Кстати, все это происходило на территории, где и сейчас идут или могут идти бои. Эта местность не сильно изменилась с тех пор, за исключением, возможно, появления инфраструктурных объектов.
Учитывая русский символизм, их идеологемы «деды воевали», «можем повторить», могут существовать планы, которые как раз вкладываются в такую идеологическую обертку. Вот такая ситуация возникает.
— Еще же будет сакральное 9 мая.
— Думаю, что в этом году ничего особенного не произойдет. Основных событий, если существует такой замысел у россиян, следует ожидать где-то летом-осенью текущего года.
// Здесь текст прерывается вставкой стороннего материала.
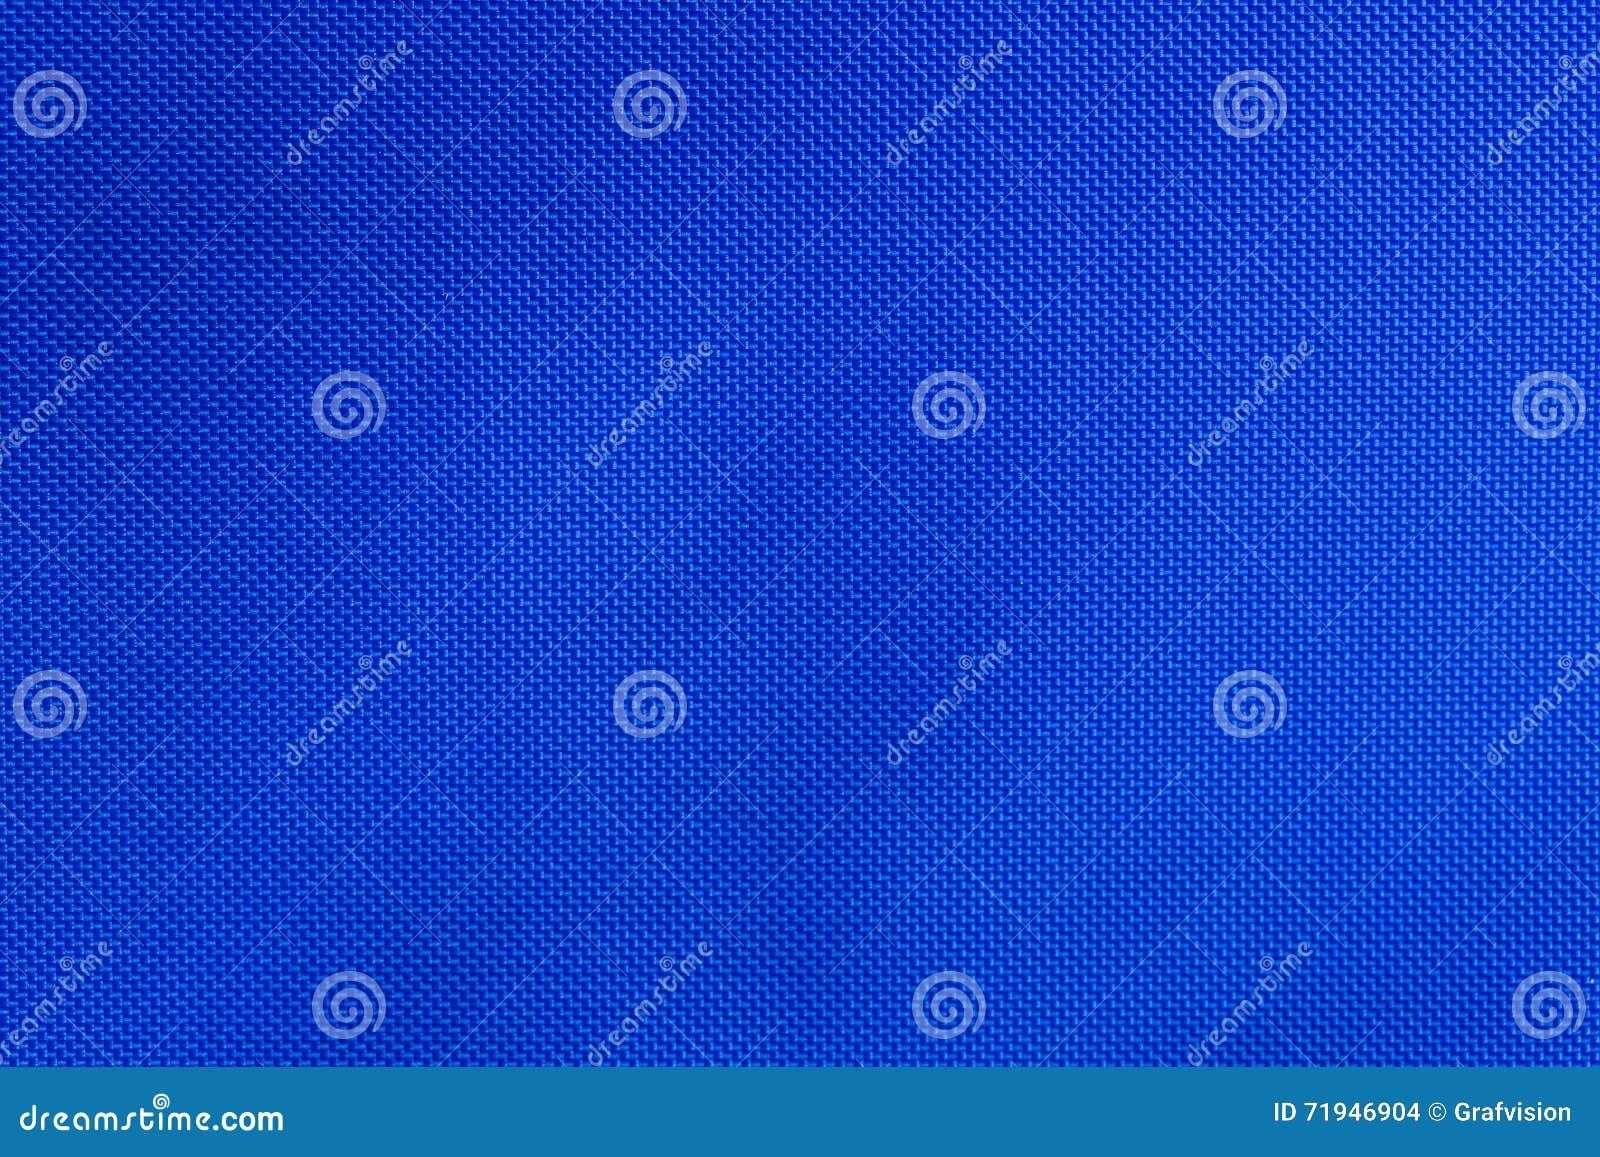 Голубая текстура ткани нейлона

Весной, вероятно, будут продолжаться боевые действия на юго-востоке: Купянск — Оскол — Лиман — Авдеевка — Угледар. И это то, что может создать условия для дальнейшей эскалации.
что касается анонсированного ими зимнего наступления, наверное, оно было приурочено к 80-летию Сталинградской битвы, которая закончилась 2 февраля 1942 года. В Волгограде планировалось масштабное празднование. Возможно, какой-нибудь парад. Но он стал пшиком — привлекли курсантов каких-то военизированных вузов и студентов техникумов и колледжей. В целом все свелось к выступлению путина и патриотическому концерту.
Не получилось то, что планировали, потому что не было достижений на фронте. И Бахмут к тому времени не взяли под контроль и провели провальную атаку на Угледарском направлении, которая привела к разгрому их группировки. Ее уже назвали самым массовым танковым сражением российско-украинской войны.
Но я считаю, что это не то наступление, которое должно было состояться, и не те силы и средства, которые могли быть привлечены. Если действительно это все, что россия смогла продемонстрировать (какое-то движение с призрачной перспективой), это говорит о том, что она вообще перестала существовать как государство с определенными милитаристскими потугами. По-моему, это был, возможно, элемент введения нас в заблуждение — показать достижения, не достигнув какого-то оперативного, уже не говорю стратегического, успеха. Сунь Цзы сказал: «Если ты хочешь победить противника, ты должен показать свою слабость».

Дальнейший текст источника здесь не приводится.